As músicas, por seu turno, também se apresentaram como um recurso fecundo para alimentar a saudade, conforme explica Seu Heitor:

Para ajudar a lembrança é mais música. Quando começa a tocar, cantar, falar, a pessoa lembra. Eu não sei se a mulher [esposa] tem um cuidado em mim. Eu não preciso ter cuidado de mulher. Outro dia, eu estava encostado no canto da mesa, passou uma música, eu subi na emoção e saiu água dos olhos. Eu acho que ela ficou cismada, pensando bem que eu estava lembrando de alguém. O ‘cabra’ pode lembrar de alguém, mas não era mais interessado e passou aquele tempo bom (SEU HEITOR)
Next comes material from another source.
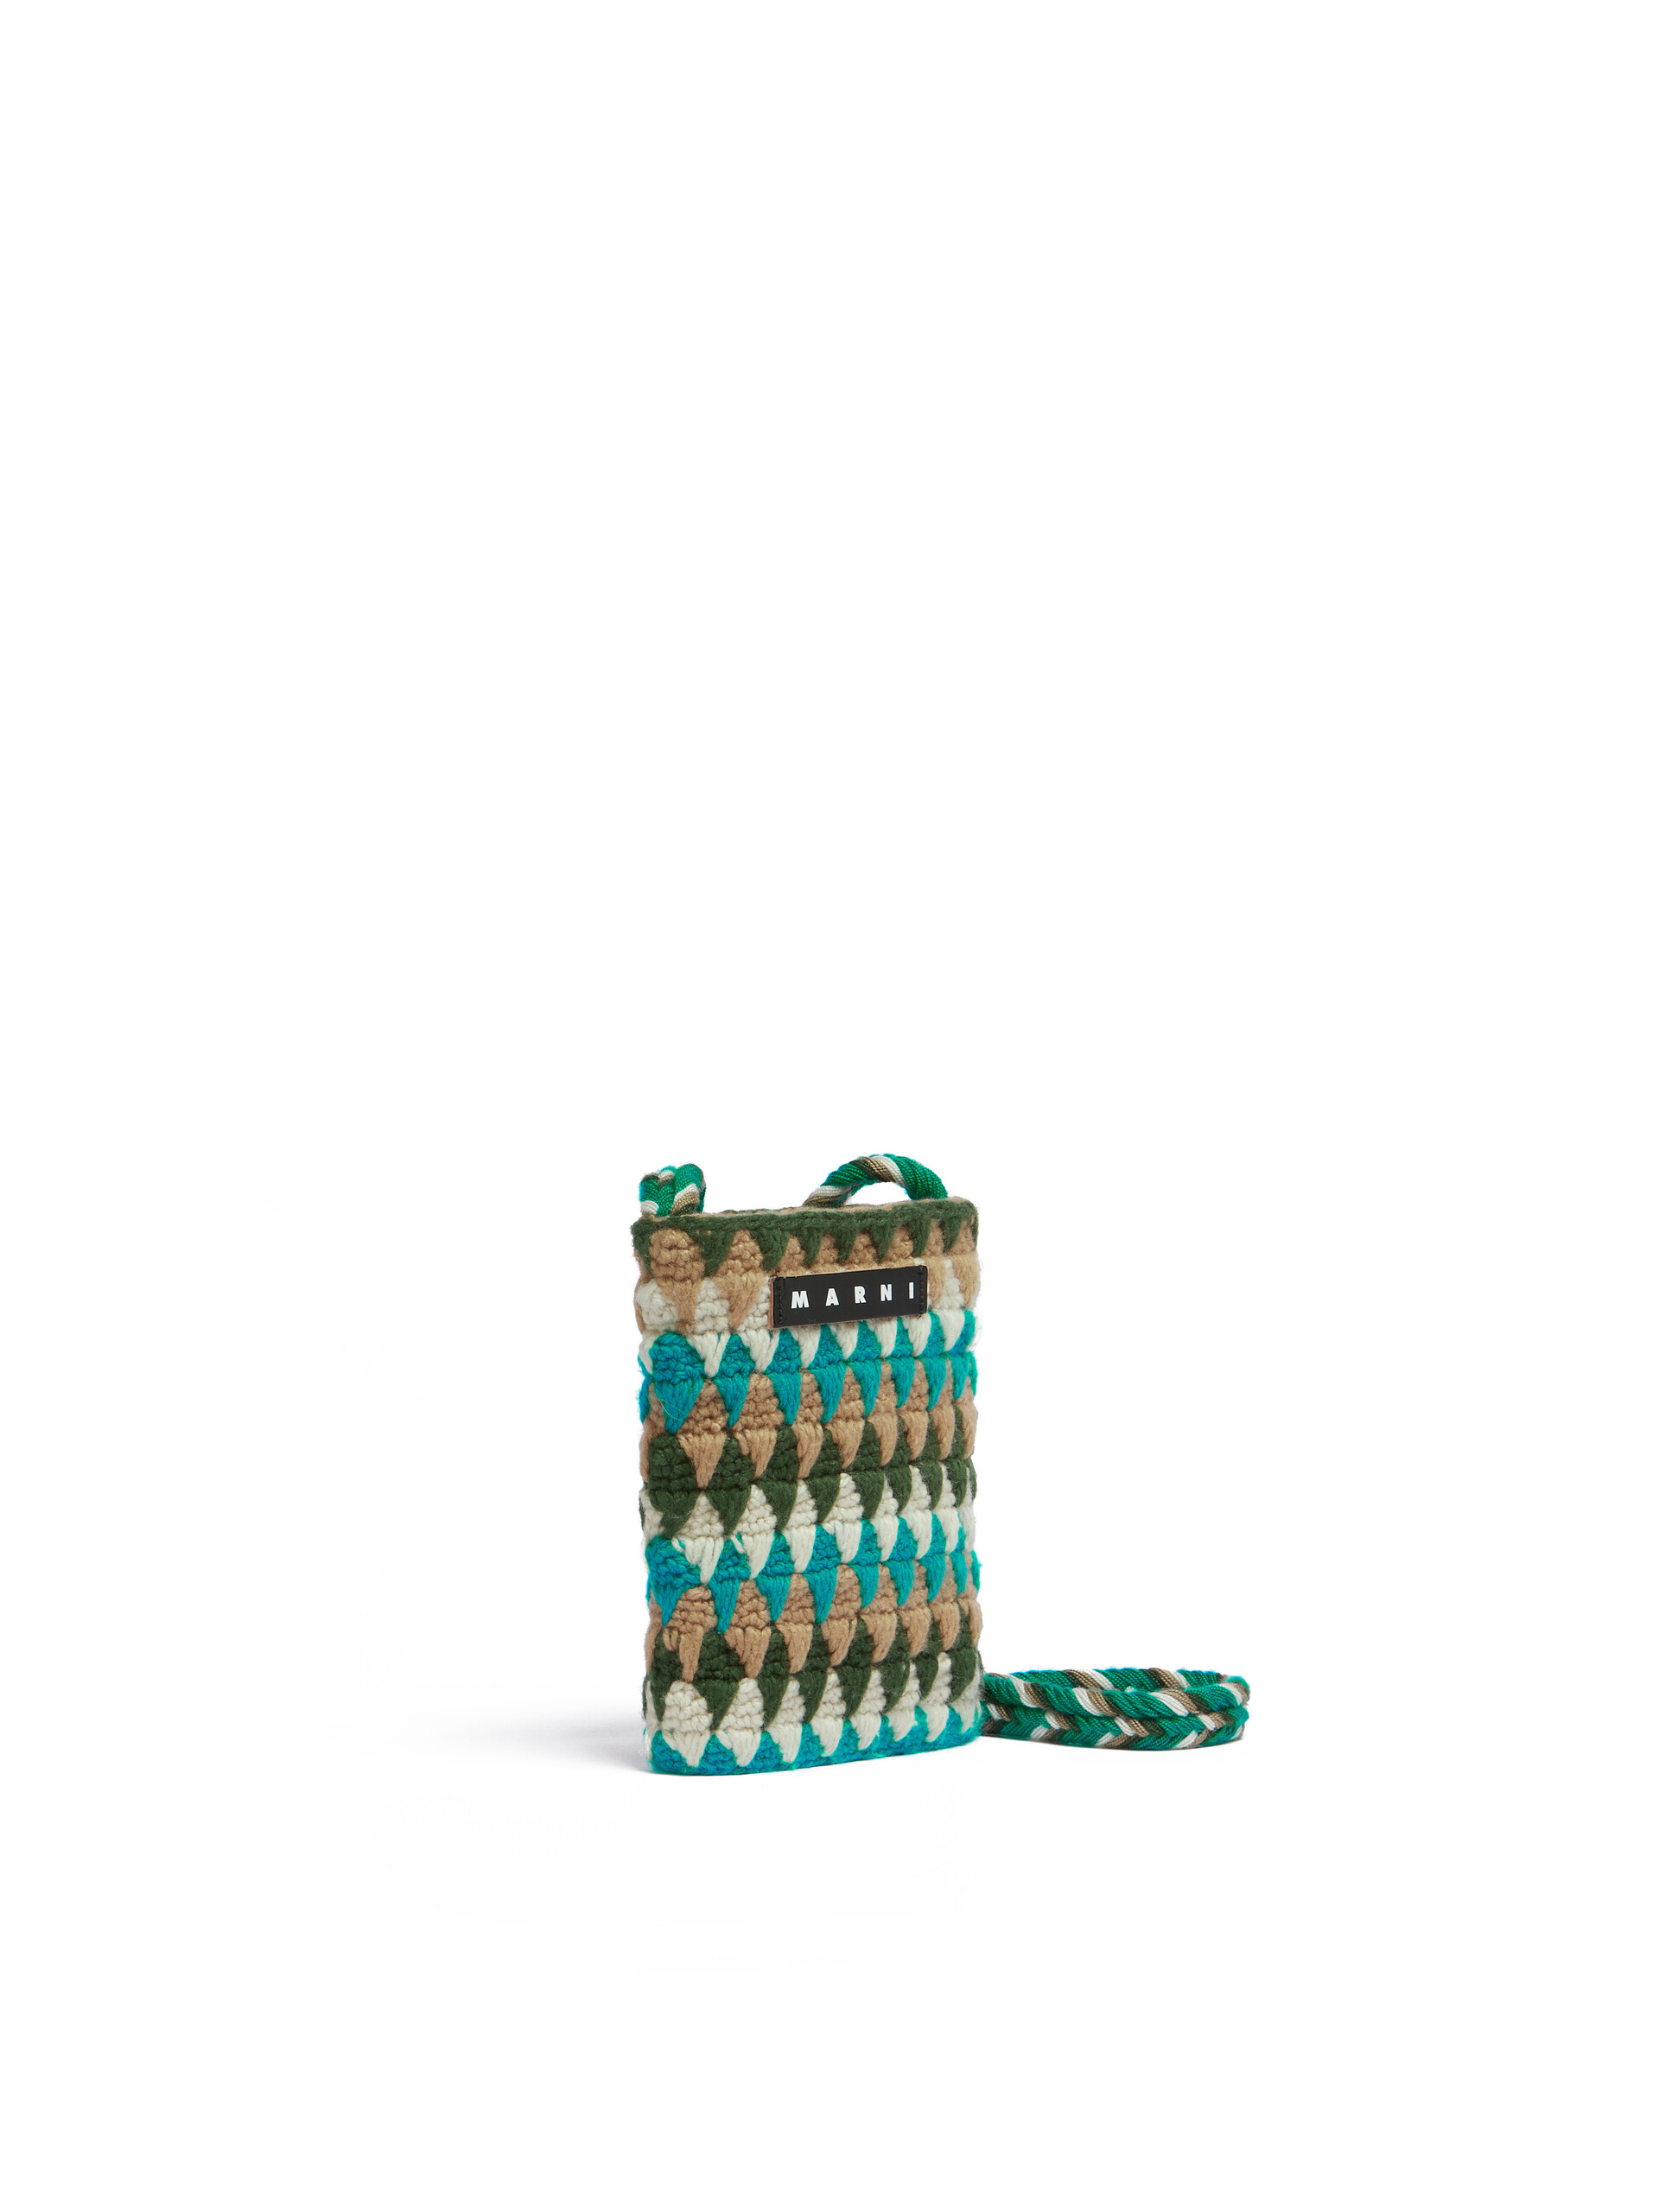 Grey Crochet Marni Market Chessboard Shoulder Bag - Shopping Bags - Image 2

Nascimento (2004, p.16) aponta o tema da saudade com uma presença forte na Música Popular Brasileira (MPB) em interface com outras categorias como da “infância feliz, da cidadezinha onde se nasceu, da casa no campo, da juventude, da cidade de antigamente, dos bairros que não são mais os mesmos, dos trilhos dos bondes, do tempo em que se ganhava bem e no qual o dinheiro dava, da boemia, dos velhos carnavais, do primeiro amor, do verdadeiro amor, do tempo em que homem era homem e mulher era mulher, da cordialidade”, por exemplo.

Finalmente, não é de se estranhar que o processo de ouvir música traga a reboque uma identificação entre o/a ouvinte saudoso/a e a letra cantada, de modo que

a saudade é reafirmada socialmente a partir dessas produções, ao mesmo tempo que incita cada vez mais produções musicais.